Malaysian palm oil futures dropped on Monday as traders booked profit after pricing in firm exports and eyed growing concerns of a US debt default that may slow global economic growth and demand. The palm oil market has been choppy in the past few days and could come under more pressure due to mounting worries about US debt.
The market has lost more than 18 percent so far this year on higher production in top suppliers Indonesia and Malaysia. "There has been some selling pressure in commodity markets but not in a panic stricken way as yet. Good exports should hold the palm oil market up temporarily," said a trader with a foreign commodities brokerage. "Market players said that the weather is bringing bad yields, therefore production in July is down slightly," said a trader in Kuala Lumpur.
The benchmark October crude palm oil contract on Bursa Malaysia Derivatives had fallen 1.3 percent, or 40 ringgit, to 3,100 ringgit ($1,042.017) per tonne. Overall traded volume rose to 27,685 lots of 25 tonnes each from the usual 25,000 lots. Cargo surveyor Intertek Testing Services signalled firmer demand for Malaysia palm oil, with data showing exports for July 1-25 rising 2.3 percent to 1.28 million tonnes from the same period a month ago.
Another surveyor, Societe Generale de Surveillance also showed exports up 5.7 percent during July 1-20. Robust demand comes as some traders and planters expect production next month to start slowing as mostly Muslim estate workers take leave for the Ramadan fasting observance that begins in August for a month.

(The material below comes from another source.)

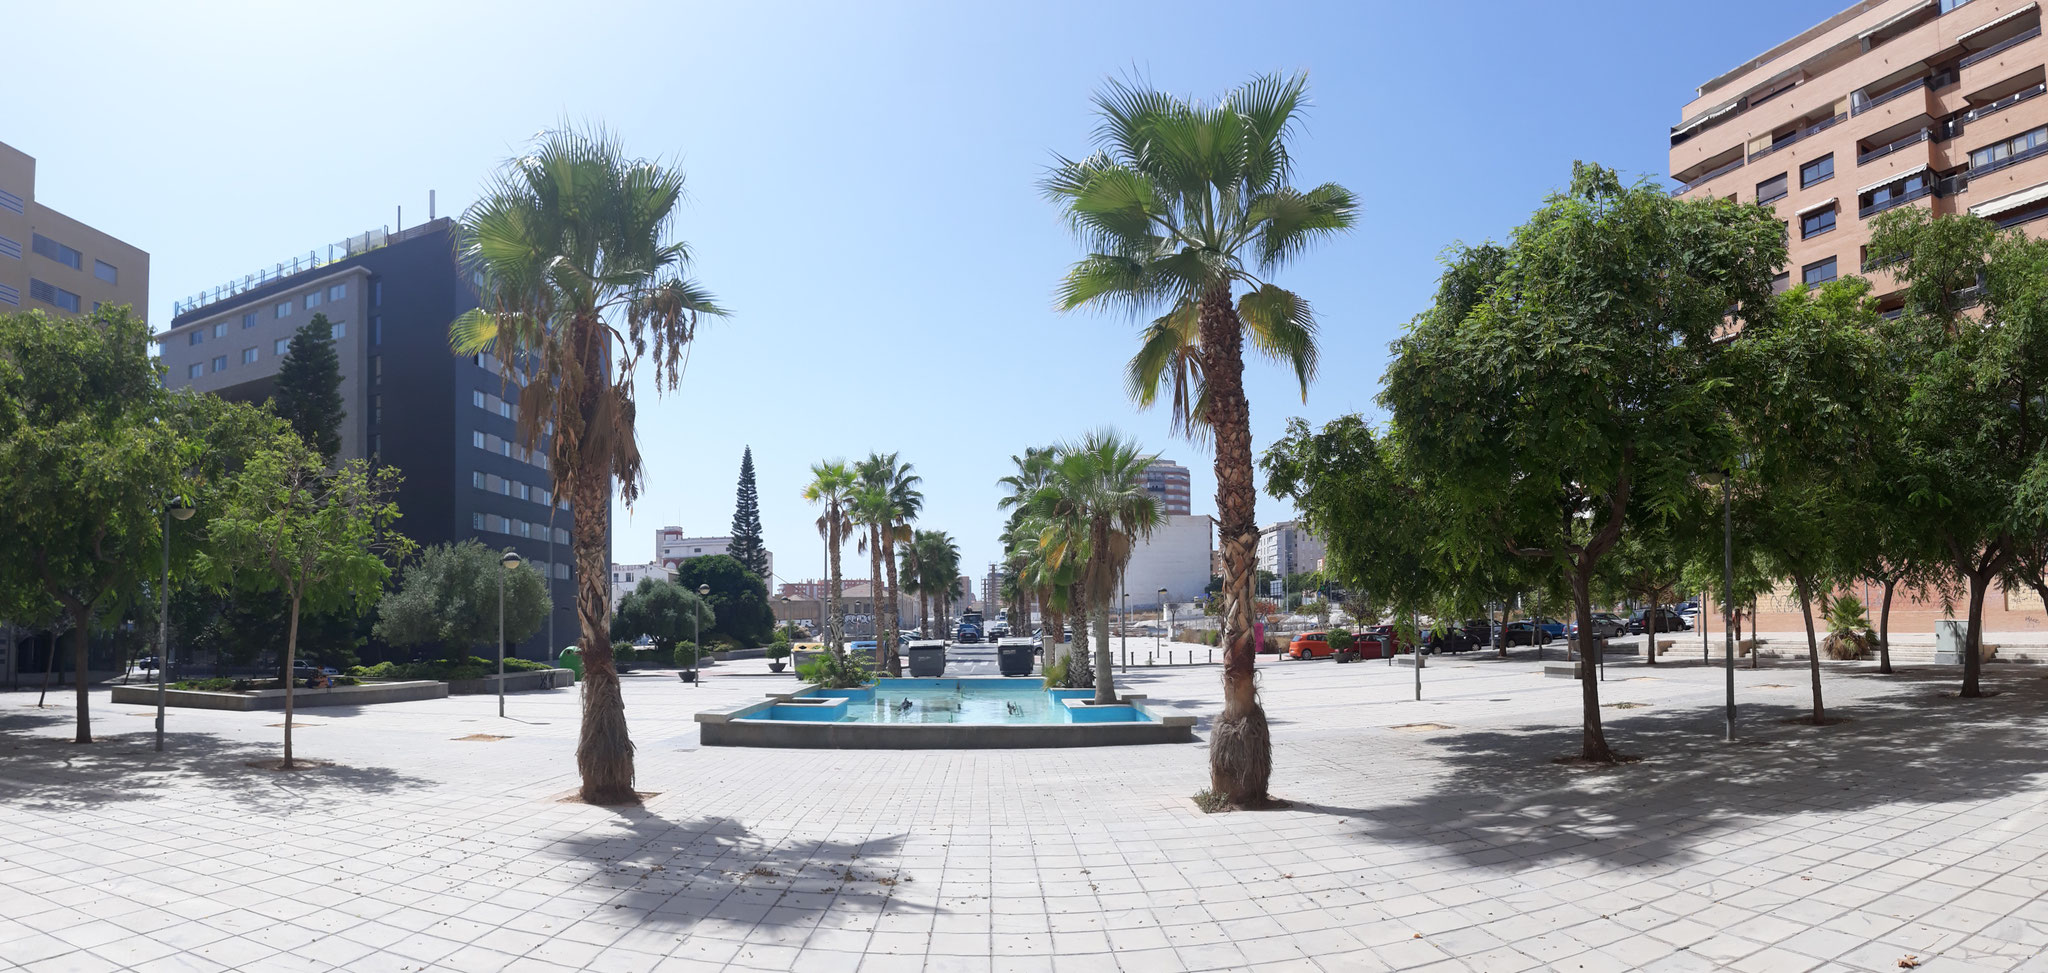 Oficinas en Alquiler ubicacion privilegiada en edificio representativo junto Puerto Alicante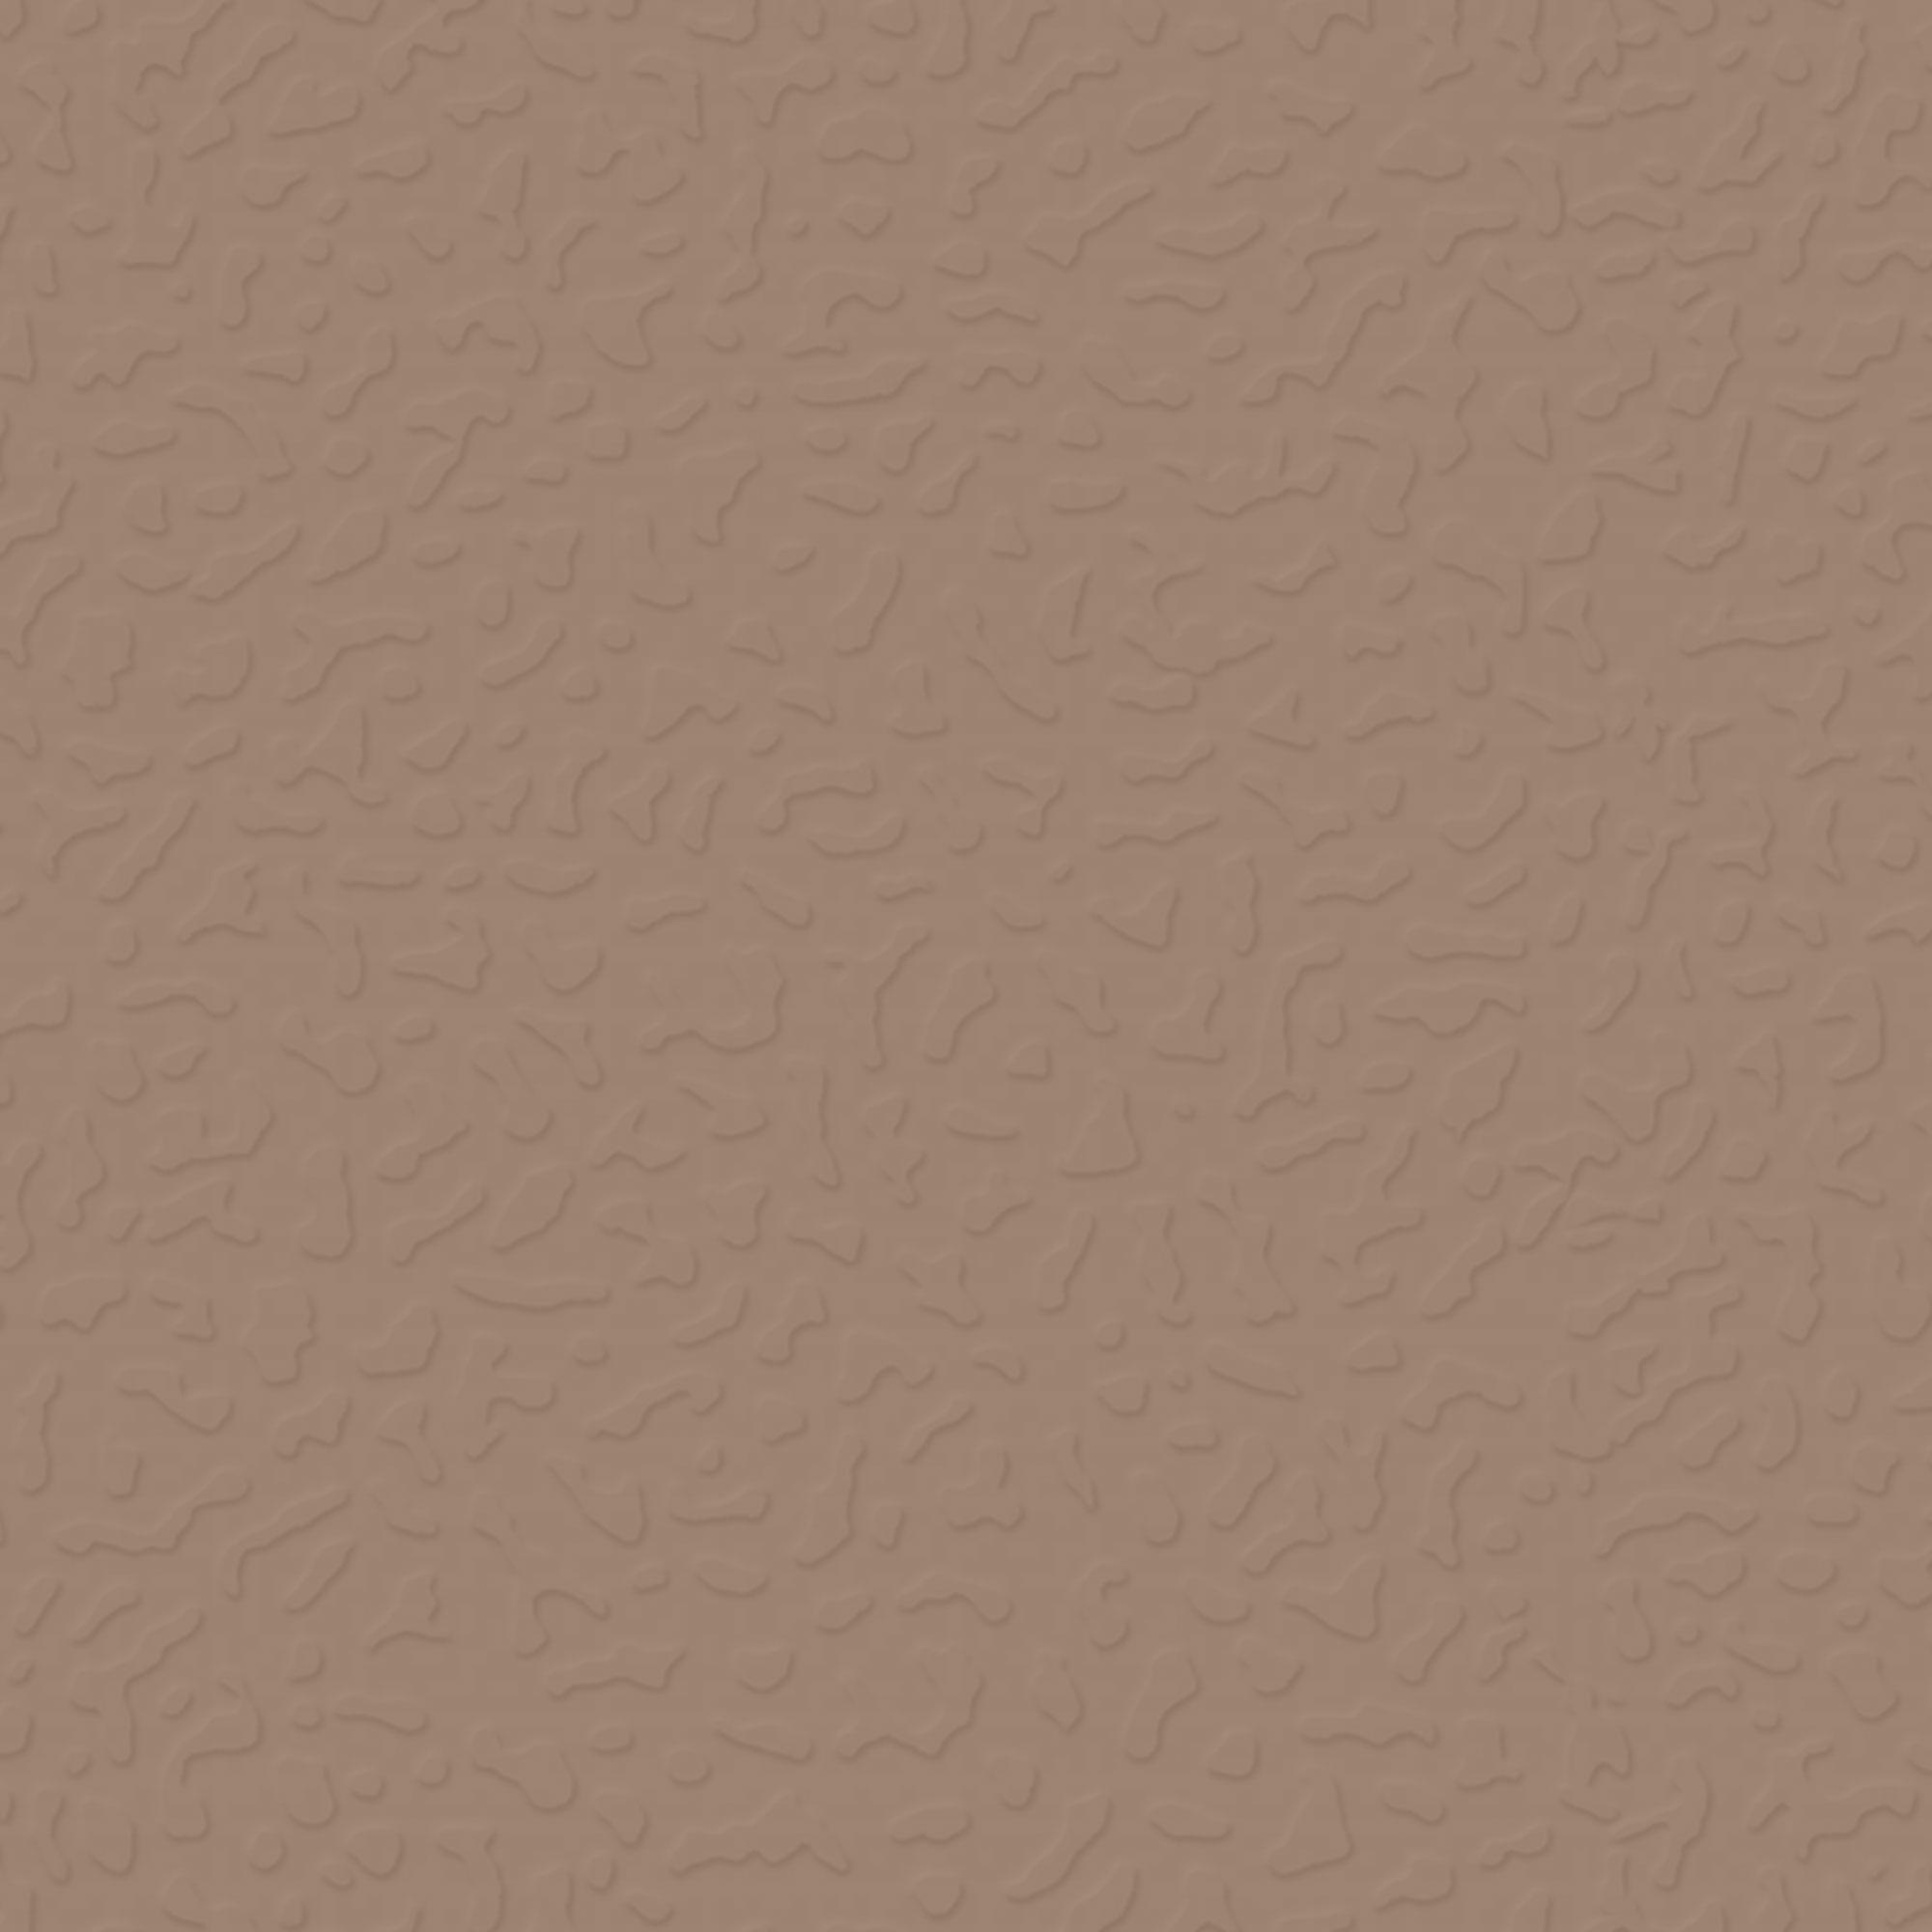 Roppe Rubber Tile 900 - Textured Design (993) Buckskin Rubber Flooring

Grains and crude oil also fell on Monday over the prospect of a US debt default, adding pressure to the price of vegetable oils crushed from soybeans and also used in competing biodiesel. Also, forecasts for rain this week in the heat stricken US Midwest added to the selling momentum. US soyoil for August delivery fell 0.8 percent in Asian trade hours. The most active May 2012 soyoil contract on China's Dalian Commodity Exchange lost 1.6 percent.